I am someone who enjoys building stuff that work and enables organisations to hit business KPIs, and to do that, choosing the right tool is very important, and this is something I can help with. You can use a sledgehammer to open a can of beans, you can use a can opener too; guess which, currently, more efficiently gets you to the beans and deal with your hunger?

https://en.wikipedia.org/wiki/Gartner_hype_cycle
https://www.gartner.com/en/articles/what-s-new-in-artificial-intelligence-from-the-2023-gartner-hype-cycle
https://www.theguardian.com/technology/2023/oct/23/uk-officials-use-ai-to-decide-on-issues-from-benefits-to-marriage-licences
https://github.blog/2023-03-22-github-copilot-x-the-ai-powered-developer-experience/
https://news.microsoft.com/build-2023/
https://www.straitstimes.com/business/ocbc-to-deploy-generative-ai-bot-for-all-30000-staff-globally
Interestingly, if you look again at the AI hype cycle 2023 diagram above, "Responsible AI" is also at the peak of inflated expectations, humans still, fortunately, have more thinking to do...

Sunday, 29 October 2023

Gen AI Thing, Part III : finally getting to the crux of the issue

In my previous 2 blog posts, I explained, as I would explain to my mum, what is AI, and how machines can understand our words. In this blog, I explain heuristically (non-technical / common sense) how machines can not only understand what we are saying, but how they can respond intelligently and create answers that were not there before (Gen AI)

One more little detour

For those of you who have played with ChatGPT or something similar (Bard?), one of the things that puzzles people is the concept of ‘tokens’. Some of you may ask, since I claim that machines can understand human words well enough, what is this token thing? Are we gambling when using these ‘tools’?

Gambling? Yes may be… Some examples of funky ChatGPT (and Bard) results

ChatGPT making up cases to support its argument (1)
ChatGPT making up cases of sexual harassment and naming the supposed perpetrator (2)
Bard makes mistake regarding James-Webb Telescope (3)

There are ways to mitigate these issues, but this is beyond the scope of this blogpost. Suffice to say that such models do give information that may be less than reliable. But then again, they were not designed to ‘tell the truth, the whole truth, and nothing but the truth’.

ChatGPT/BARD are not designed to tell the truth?! I thought they were AI!

The answer to the question lies in the question itself. These are AI systems, and as I mentioned in my 1^st blog of the series, such models learn from (are trained on) data they are fed. Secondly, it may help to understand a bit how these systems, they are called LLMs (Large Language Model), work.

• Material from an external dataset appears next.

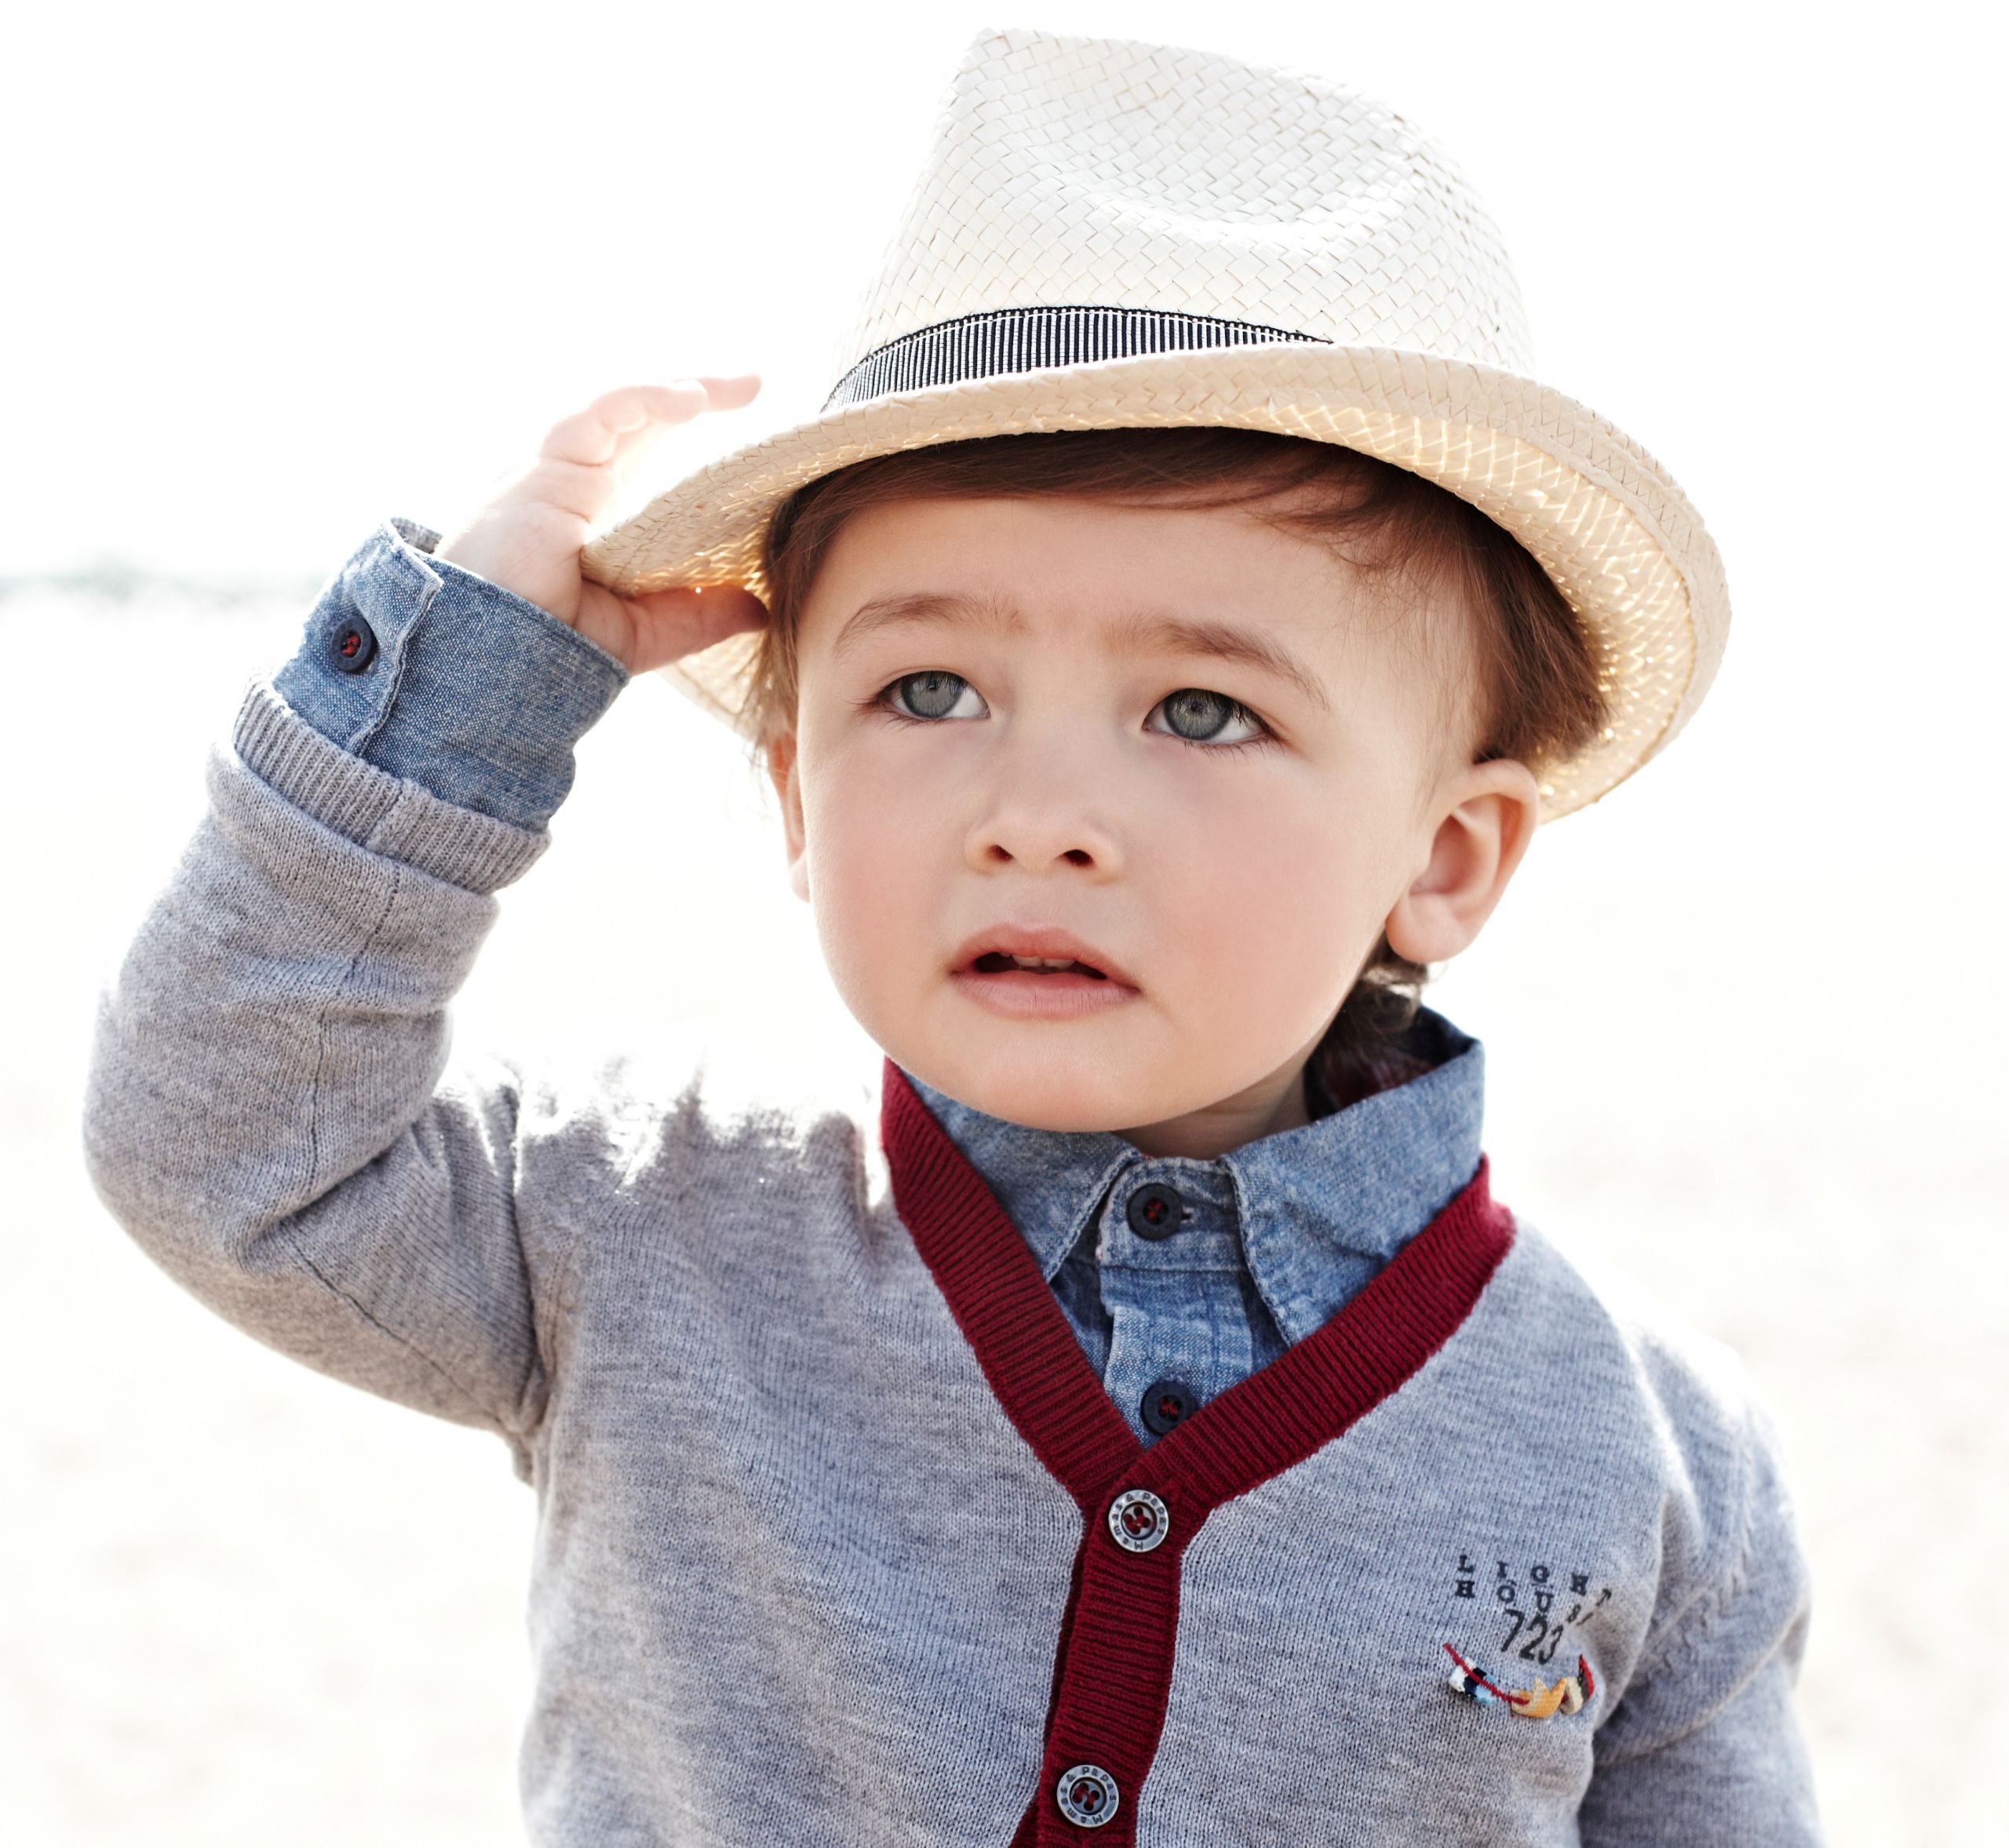 Fashion Baby Clothes
 Importance of Baby Clothing for their Beauty and Care

How does ChatGPT/Bard… work?

Let me start by a word game. How many of you play wordle (4)? Basically everyday, a 5 letter word is chosen, and you have to guess the word without any clue, you have 6 tries. All that you will ever know is whether the letter you have suggested exists in the answer but is in the wrong slot (yellow) or in the correct spot (green) or does not exist at all (black). The other condition is that any combination of letters you try has to be an existing word.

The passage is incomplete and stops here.